Испытание на верность — страница 24 из 90

В середине, в луже крови лежала раненая девчонка, а возле нее суетились, ахали остальные, не зная, как к ней подступиться. Раненая дышала хрипло, на губах возникали розовые пузыри.

— Ой, убили, убили… Господи, что делается…

— Кровь останавливать надо…

— Мы только поднялись, когда он снова летит. Она мне: «Ой, тетя Паша, страшно!» Не бойсь, говорю, наверно, опять листовки бросать будет… А он в это время «тыр-тыр-тыр!» из пулемета. Я не помнила, как свалилась, голову прячу, когда слышу: «Ой, в меня стрелили!..»

— Ирод, видел же, что одне женщины.

— Еще как видел! Мы-то его харю видели: высунулся, змей очкастый.

— Да бросьте вы, за помощью посылать надо.

— Нюрка, беги, ищи командира, пусть машину шлют.

Возле раненой хлопотала чернявая девушка в белой косынке — санитарочка. Растерянная, бледная, со страхом глядела она на восковевшее лицо раненой, зажимала бинтом пулевую дырку. Руки ее, все в крови, дрожали, и это ей плохо удавалось.

— Ранена девка? Куда? — деловито спросил Лихачев.

— В грудь…

— Так чего же ты? Перевязывать надо, а не кудахтать.

— Как, если ее не пошевелить…

Со странным спокойствием к виду чужой крови, будто всю жизнь только тем и занимался, что оказывал помощь, Лихачев опустился на колено, потребовал:

— Ножницы есть?
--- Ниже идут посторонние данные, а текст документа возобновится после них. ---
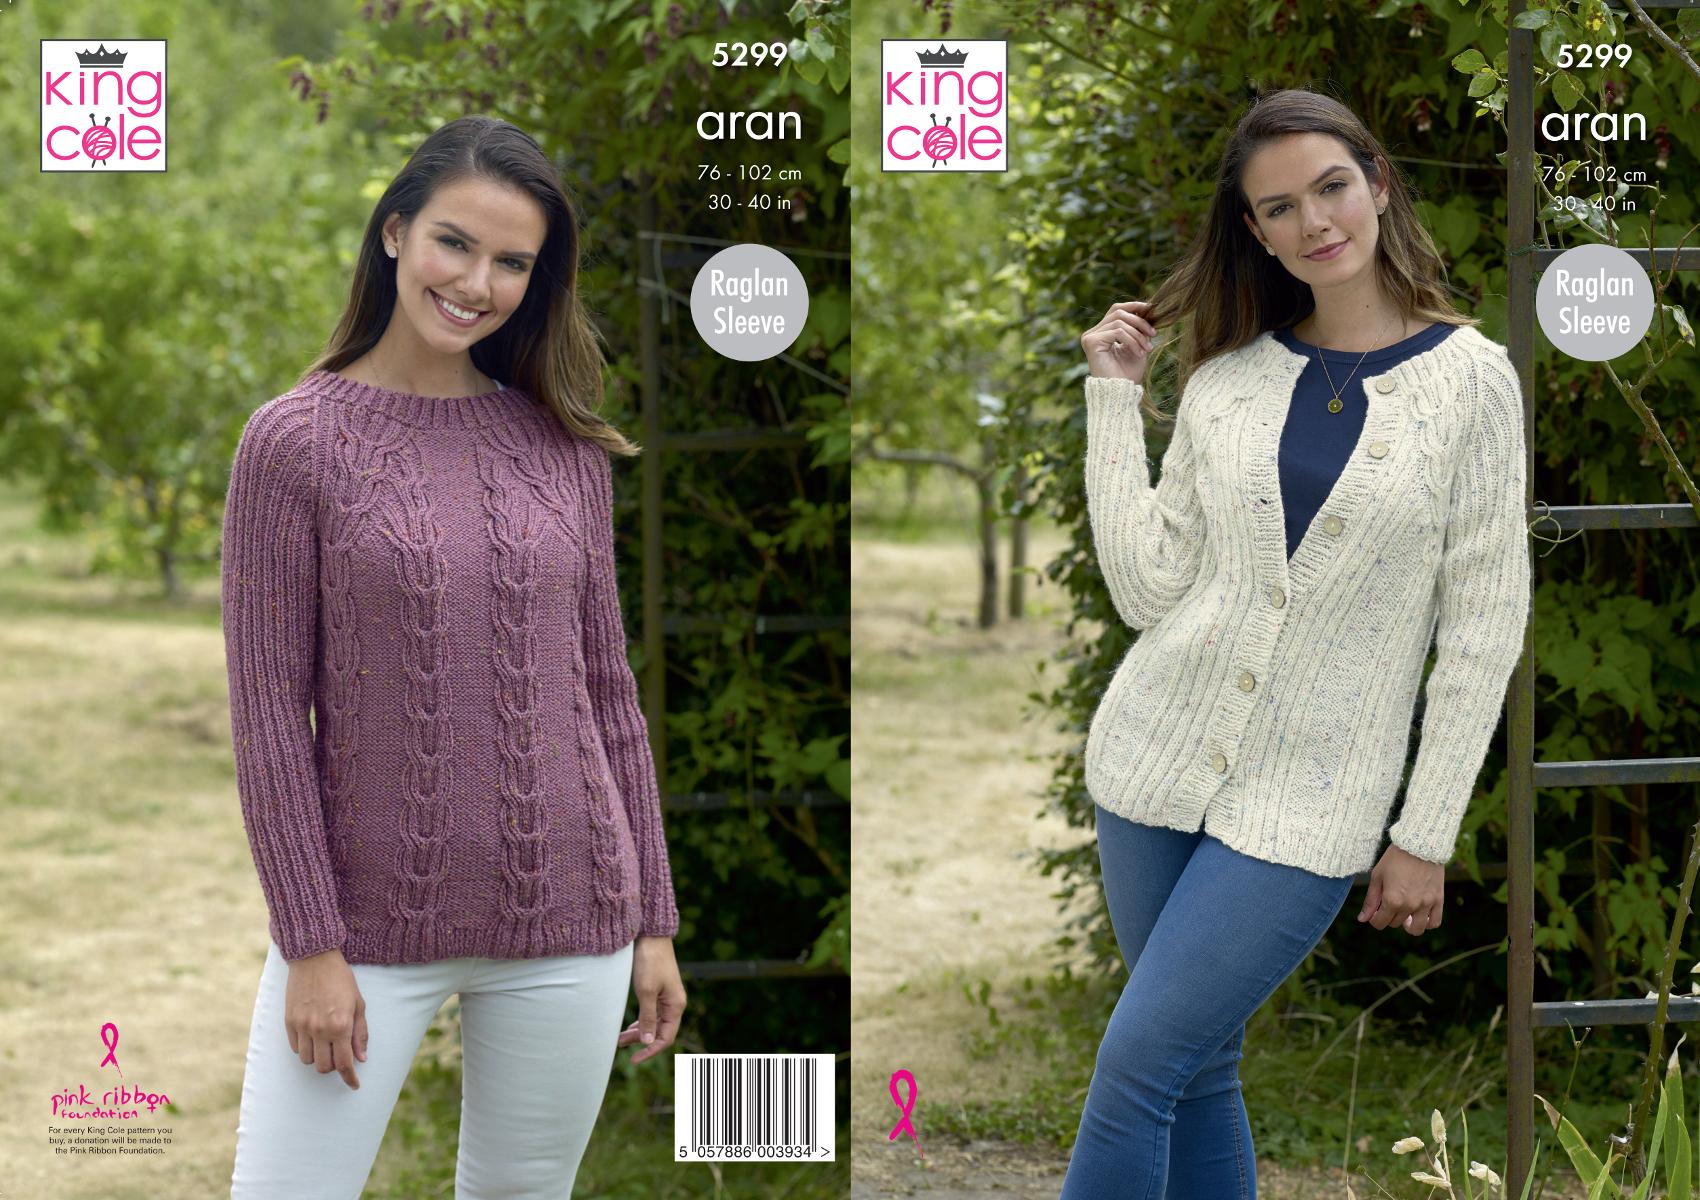 Girls Aran Knitting Pattern Cabled Raglan Sleeve Jumper Cardigan King Cole 4920
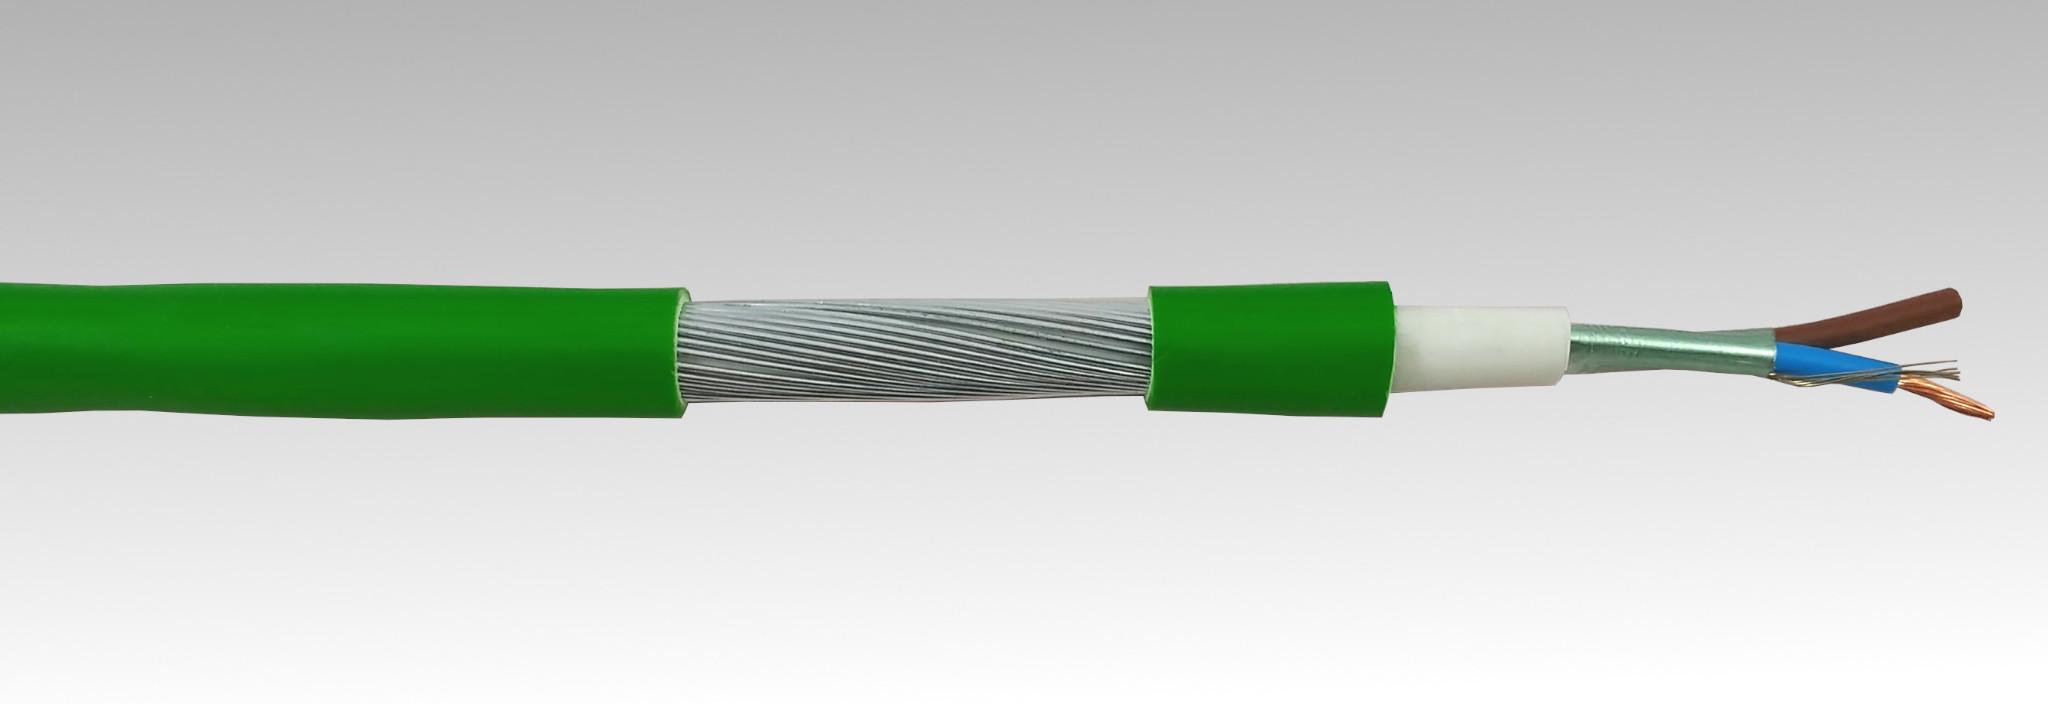 Brilliant Armoured Cable Cerviflam Roz1Mz1 K As 0 6 1 Kv Cervi Electrical Wiring 101 Photwellnesstrialsorg

Давай!

Санитарка кивнула на раскрытую сумку: там все.

В один момент он вспорол кофточку на груди раненой, разрезал бюстгальтер. Санитарка убрала на время руки с бинтом. Глазам было больно смотреть на белые, как атлас, топорщившиеся кулачки грудей с нежными сосками, залитые кровью. Пониже правой хлюпала в черной пулевой дырке и толчками выплескивалась темная струйка, стекая под спину раненой.

Крутов отвел глаза, но Лихачев сурово потребовал:

— В моем кармане пакет. И свои давайте. Живо!

— Сначала надо подушечку, — подала голос санитарка. — Чтобы остановить кровотечение… Не очень сильно идет, окрутить бы…

— Так чего же ты… Давай! — скомандовал Лихачев. — Плотней прижимай, не бойся, больней, чем есть, не будет…

Женщины переговаривались вполголоса:

— Что значит мужчина.

— Мужикам на роду написано воевать.

— Еще неизвестно, кому больше достанется: нам или им.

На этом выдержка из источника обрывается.